What is derived citizenship?

| Aug 21, 2015 | Citizenship |

There are two ways to become a U.S. citizen. You will become a citizen at birth if you were born in the country or a jurisdiction of the U.S., or if one of your parents was a citizen at the time. To become a citizen after birth, you either apply for naturalization or apply for a derived citizenship.

According to U.S. Citizenship and Immigration Services, you can obtain derived citizenship when your parents have been naturalized, pending certain requirements are met. In some cases, a child born in another country can secure a derivative citizenship when his or her adoptive parents are U.S. citizens.

The USCIS sets strict regulations on how you may obtain citizenship through parents.

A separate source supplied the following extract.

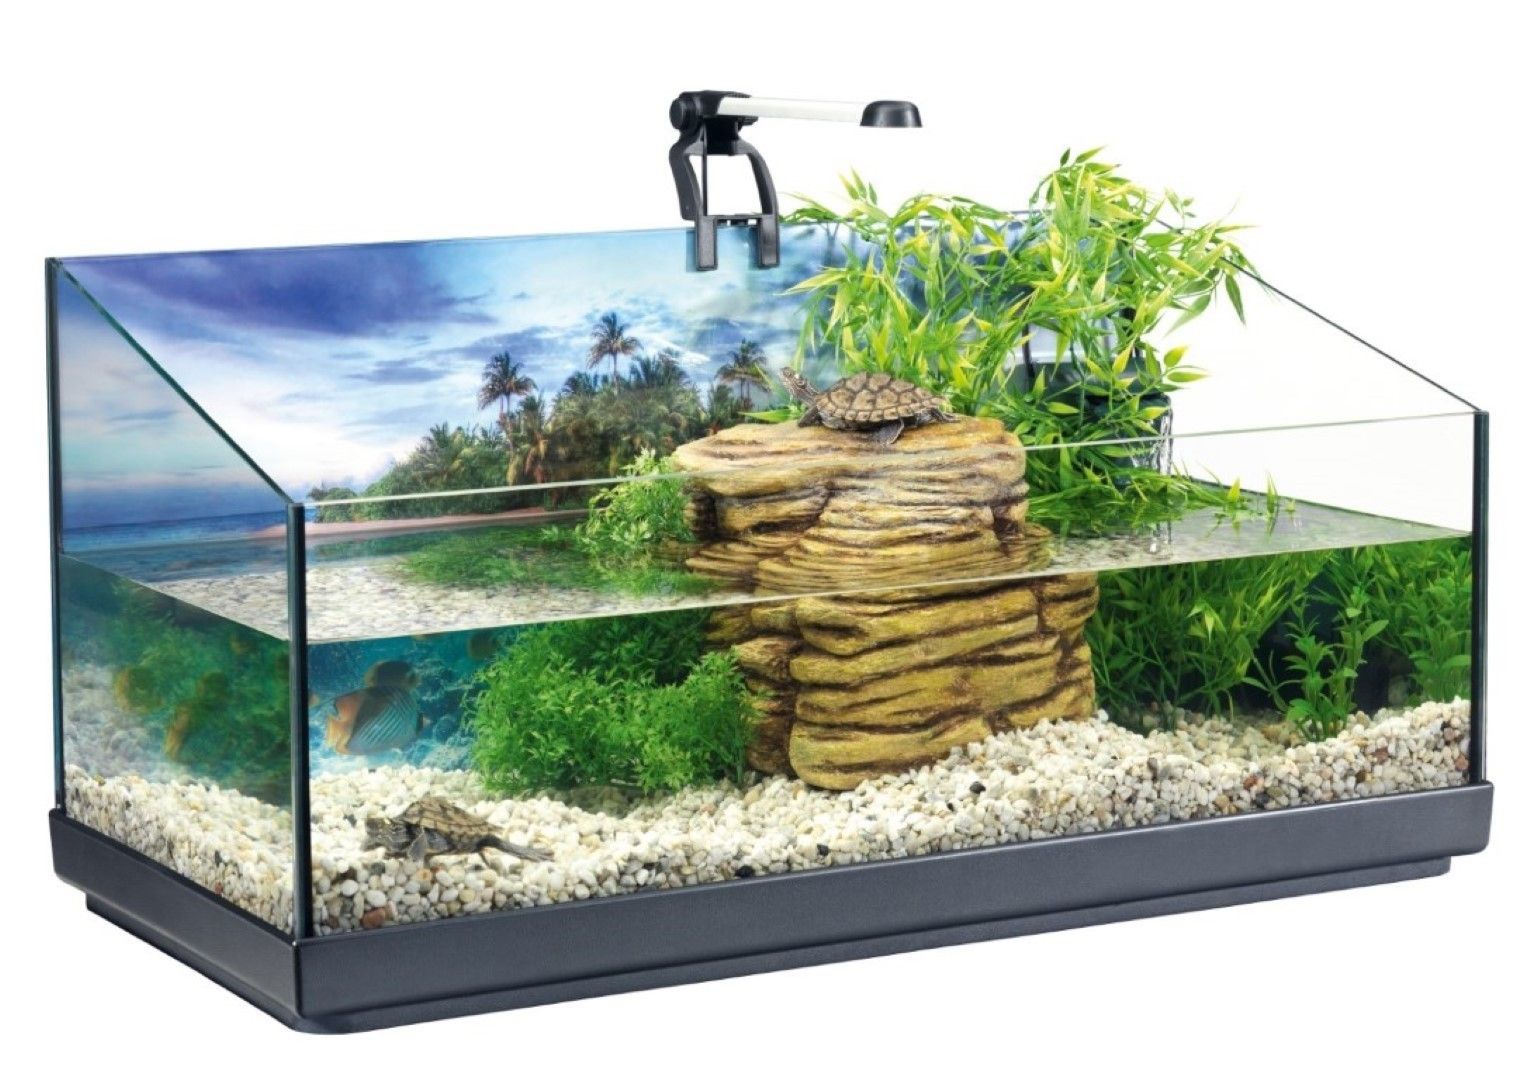 Repto aqua set 76 cm Inhalt 40 Liter Fisch Gebr. de Boon Tetra

For example, a child who was born in another country may become a citizen if both parents are married and citizens at the time of birth and at least one of the parents was living in the U.S. or one of its territories before the child was born. If both parents are married and just one parent is a U.S. citizen, that parent must have been in the country for at least five years before the birth of the child. The USCIS will credit time spent abroad with the military or employment with the U.S. government toward that five years.

When the parents of the child are not married, the legal mother must be a citizen at the time of the child’s birth and must have been living in the U.S. or a territory continuously for a year. If the father is a U.S. citizen and the mother Is not, the child may become a citizen if there is a genetic test proving paternity and the father has agreed in writing to provide the child with financial support, among other requirements.

The U.S. Department of Homeland Security reports that between 1980 and 2011, 27.4 million foreign nationals became legal permanent residents. Of those, roughly 5 percent, or 1.3 million, had derived citizenship.

While this information may be useful, it should not be taken as legal advice.